Званцев высыпал бриллианты в карман, как сдачу мелочью. Забавный человек... Дай ему, как говорится, бог.
... Поезд замедлил ход и остановился. Равнодушно одернул занавеску и посмотрел сквозь грязное стекло. Вокзал. Вокзалишка - таких в России тысячи. Скучные люди с тарелками и мисками в руках с надеждой заглядывают в равнодушные окна: авось кто-нибудь выйдет и купит нехитрую снедь: вареную в мундире картошку, кое-как поджаренную курицу - у них, бедных, всегда один бок поджаристый, другой светлый. Не переворачивают, что ли... У женщин блудливо заискивающие глаза, мужики курят в сторонке в ожидании денежки на пол-литра. Печальная станция, печальный путь в никуда. Безумная идея покойных генералов, поиск вчерашнего дня.
- Однако - Пермь... - раздумчиво произнес сосед, типичный совкомандированный или командировочный - черт их разберет: пиджак мешком, грязная белая рубашка с галстуком-червем, галифе офицерского образца в сапоги. Последние, впрочем, припахивали знакомством в сферах - тщательно стачал мастер. Как бывший военный, Званцев мог оценить.
- Как вы сказали? - Только теперь, когда прозвенел второй удар станционного колокола, дошло: да ведь здесь погиб (или тоже миф?) Михаил Александрович, здесь гикнулись Шнейдер и Гендрикова и чудом спасся Волков1. Здесь видели императрицу и Анастасию Николаевну...

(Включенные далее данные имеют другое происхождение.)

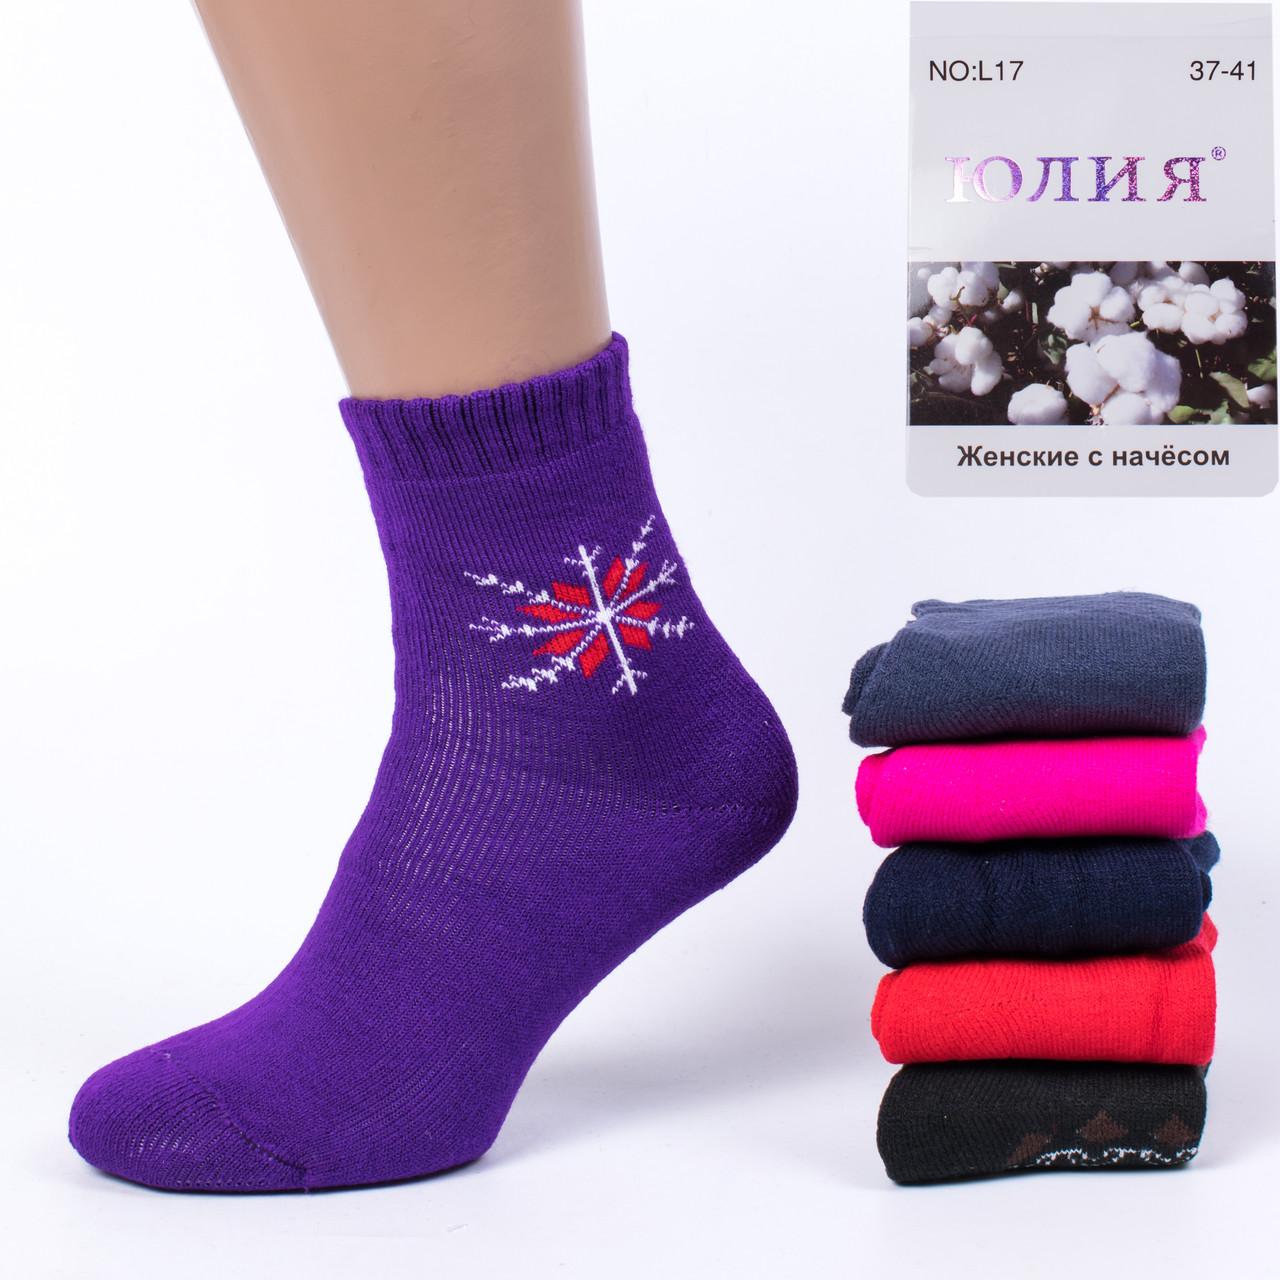 Женские махровые носки с начёсом Юлия L17. В упаковке 12 пар

Торопливо собрал немногочисленный скарб, рванул двери купе, в спину испуганно крикнул попутчик: "Да ведь уже тронулся, куда вы..." Не ответил, бежал по узкому коридору, вот и тамбур, в глазах проводника недоумение и даже ужас - "Куда вы, нельзя!" - но уже прыгнул на серую полосу несущегося навстречу перрона...
Ленивый милиционер развел руками: "Так и голову сломаете, а нам отвечать". Улыбнулся в ответ - не улыбка, оскал, недоумевающий представитель власти пожал плечами и покрутил пальцем у виска. Званцев между тем уже выбрался на привокзальную площадь и уселся в ободранную коляску, на облучке которой скучал стертый малый лет тридцати. "Куда изволите?" - "А вот была гостиница купца Королева? Цела еще?" - "А че ей... Нынче того Королева, сами понимаете, а она - коммунхозовская, как везде, да вы че, из Китая?" - "Почему из Китая?" - "Ну, из какого другого, нам все едино. В нумерах как бы клопы и тараканы, не обеспокоит?" Эта парикмахерская сентенция привела даже в некоторое умиление: ишь, "не обеспокоит"... Отсвечивают еще прежние времена. "Ладно, вези, не сомневайся. Я из Москвы, если тебе интересно". - "А чего не интересно, у нас тут самое интересное, если кто неловкость на людях учинит или еще что... А так - родился, помер - все одно, даже некоторые и не замечают..."
За разговором въехали в низкорослый плоский город, из которого то тут, то там невесть каким образом выскакивали высокие трубы. Воздух был неподвижным, спертым, как в предбаннике, Званцев вдруг ощутил, как трудно стало дышать. "А вот и королёвские номера! - весело провозгласил возница, одергивая лошадь. - Не извольте беспокоиться!" Вручил торжественно рубль, малый сдернул шапчонку и поклонился в пояс: "Наше вам. Уважительный клюент. Таковых только покойный отец помнил". И, весело взмахнув кнутом, уехал.
Дом был ничего, по сравнению с мелкостью городской застройки даже возвышался, - как-никак, три этажа, это и для столицы не так уж и плохо. Вошел, от стойки, залитой какой-то жирной жидкостью (запах шел умопомрачительный), не то тухлыми яйцами шибало, не то супом, в котором варилось невесть что. Дежурная - толстая, сонная, с заплывшими глазками и обвислыми щеками, бросила раздраженно: "Ну? Чего вам?" - "Нумер, пожалуйте..." - протянул паспорт, она отшвырнула щелчком: "Нету". - "Я из Москвы". - "А хоть из Глянцырпуцка! Нету, и все! Весь сказ". Молча положил на стойку раскрытое удостоверение, она повела глазом и вдруг начала икать. "То... То... Вы... То... сразу... Мы вам... Люкс. В лучшем виде!" Приходила в себя, словно просыпалась, на лице растекался праздник.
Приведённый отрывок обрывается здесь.